Socony Mobil Oil Company Inc. v West of England Ship Owners Mutual Insurance Association (London) Ltd (No 2) (Padre Island)

JurisdictionEngland & Wales
CourtHouse of Lords
JudgeLord Keith of Kinkel,Lord Brandon of Oakbrook,Lord Ackner,Lord Goff of Chieveley,Lord Jauncey of Tullichettle
Judgment Date14 June 1990
Judgment citation (vLex)[1990] UKHL J0614-2
Date14 June 1990

[1990] UKHL J0614-1

House of Lords

Lord Keith of Kinkel

Lord Brandon of Oakbrook

Lord Ackner

Lord Goff of Chieveley

Lord Jauncey of Tullichettle

Firma C — Trade S.A.
Newcastle Protection and Indemnity Association


Socony Mobil Oil Inc., and Others
(Original Respondents and Cross-Appellants)
West of England Ship Owners Mutual Insurance Association (London) Limited
(Original Appellants and Cross-Respondents)
Lord Keith of Kinkel

My Lords,


I have had the opportunity of considering in draft the speech to be delivered by my noble and learned friend Lord Brandon of Oakbrook. I agree with it and for the reasons he gives would allow both these appeals.

Lord Brandon of Oakbrook

My Lords,


These two appeals, which have been heard together, raise the same important question of law in the field of marine insurance. It is a question which has been long debated but never until now come before the courts for decision.


The question arises in this way. It is the long-established practice of shipowners to enter their ships in Protection and Indemnity Associations ("P. & I. Clubs") for the purpose of insuring themselves against a wide range of risks not covered by an ordinary policy of marine insurance. By so entering one or more of their ships in a P. & I. Club shipowners become members of that club. P. & I. Clubs operate on a system of mutual insurance under which the successful claim of one member is paid out of the contributions of, and the calls made on, all the members including himself. Each member is accordingly both an insurer and an insured. Among the wide range of risks covered by P. & I. Clubs is liability incurred by members to cargo owners for loss of or damage to cargo carried in an entered ship.
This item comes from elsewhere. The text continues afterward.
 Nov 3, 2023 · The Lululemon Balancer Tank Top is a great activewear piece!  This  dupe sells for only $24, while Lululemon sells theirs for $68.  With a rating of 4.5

P. & I. Clubs have bodies of rules governing the relationships between the club and its members and between one member and all the other members. When shipowners enter one of their ships in a P. & I. Club there comes into being a policy of marine insurance relating to that ship on the terms of the club's rules.
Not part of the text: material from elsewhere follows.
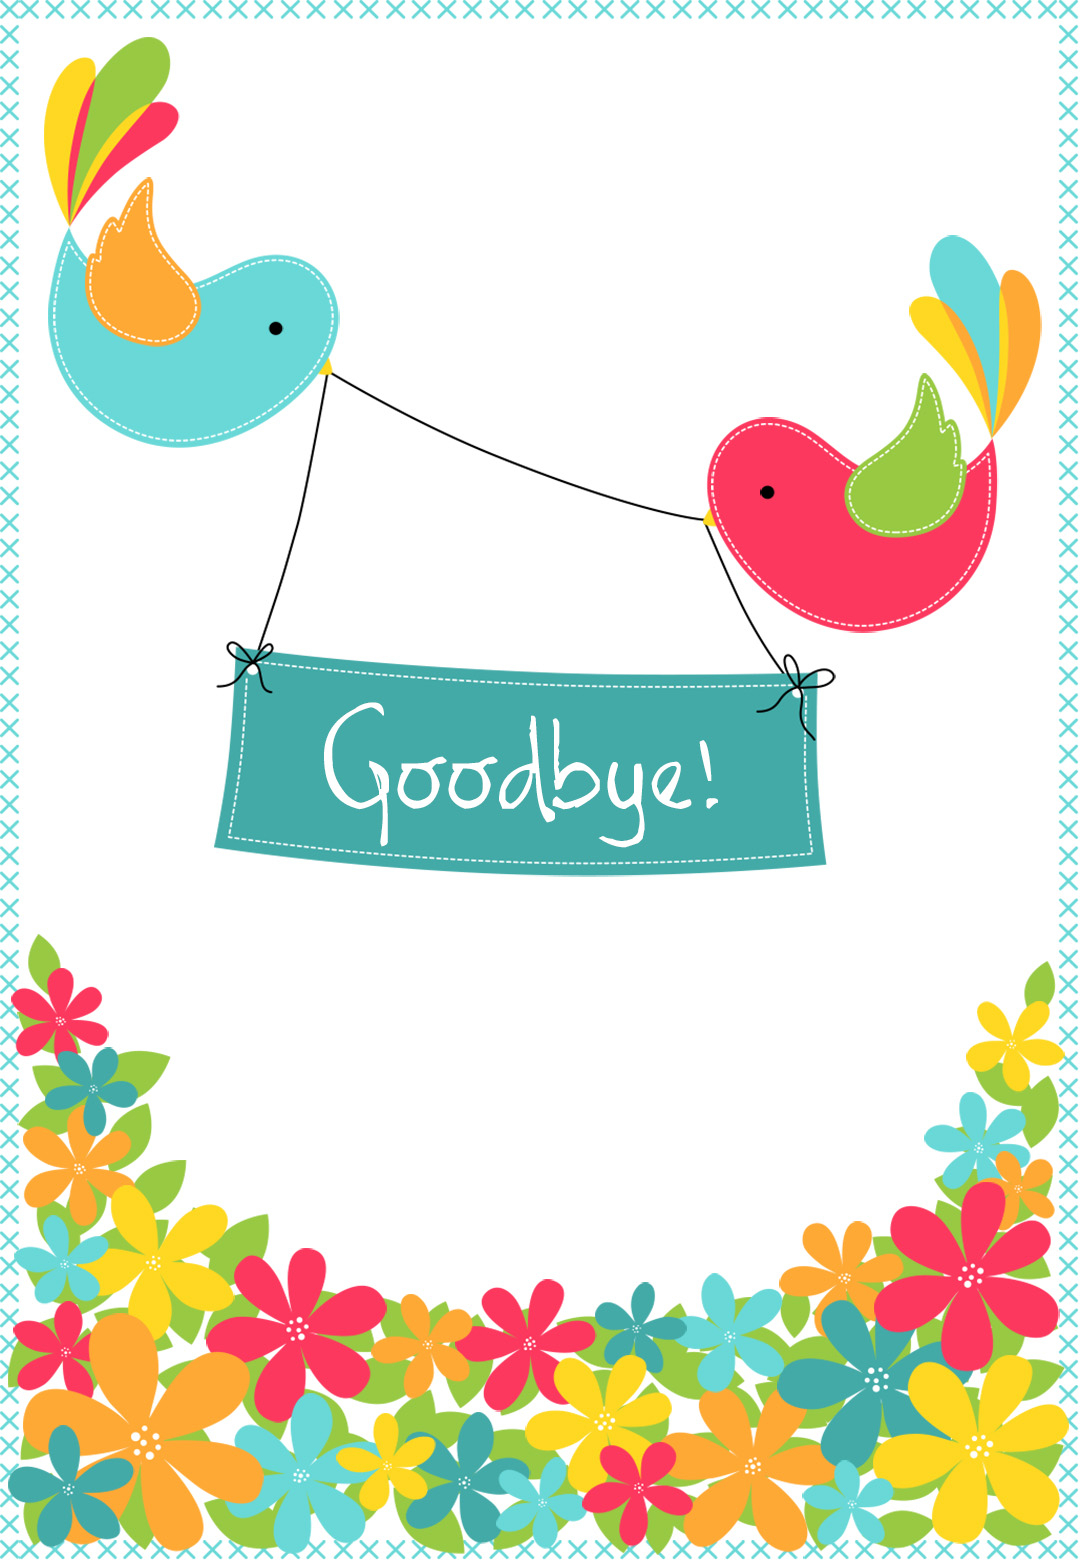 Goodbye From Your Colleagues – Good Luck Card (Free Pertaining To Good Luck Card Template

The rules of most, if not all, P. & I. Clubs contain what is commonly called a "pay to be paid" provision. That is a provision, capable of being expressed in a variety of different terms, which stipulates that a member, in order to be entitled to an indemnity in respect of liabilities or expenses incurred by him, must first himself have discharged the liabilities or expenses concerned. It may happen, however, that, after a member of a P. & I. Club has incurred an insured liability, for example a liability for loss of or damage to cargo carried in an entered ship, he is disabled by insolvency from discharging it. The question then arises whether the owners of the cargo lost or damaged are entitled, under the Third Parties (Rights against Insurers) Act 1930 ("the Act of 1930"), to recover an indemnity directly from the P. & I. Club in which the ship concerned is entered. That is the question which arises for decision by your Lordships in each of these two appeals.


In the first appeal the ship in relation to which a cargo claim arose was the motor vessel Fanti, owned by a Ghanaian company called Central Shipping Lines ("the member") and entered by it in the Newcastle Protection and Indemnity Association ("the club"). The rules of the club in force at the material time provided:

"4. … a member shall be protected and indemnified against all or any of the following claims and expenses which he shall have become liable to pay and shall in fact have paid …( g) for loss or damage caused to … property … carried on board a ship entered in this class .…"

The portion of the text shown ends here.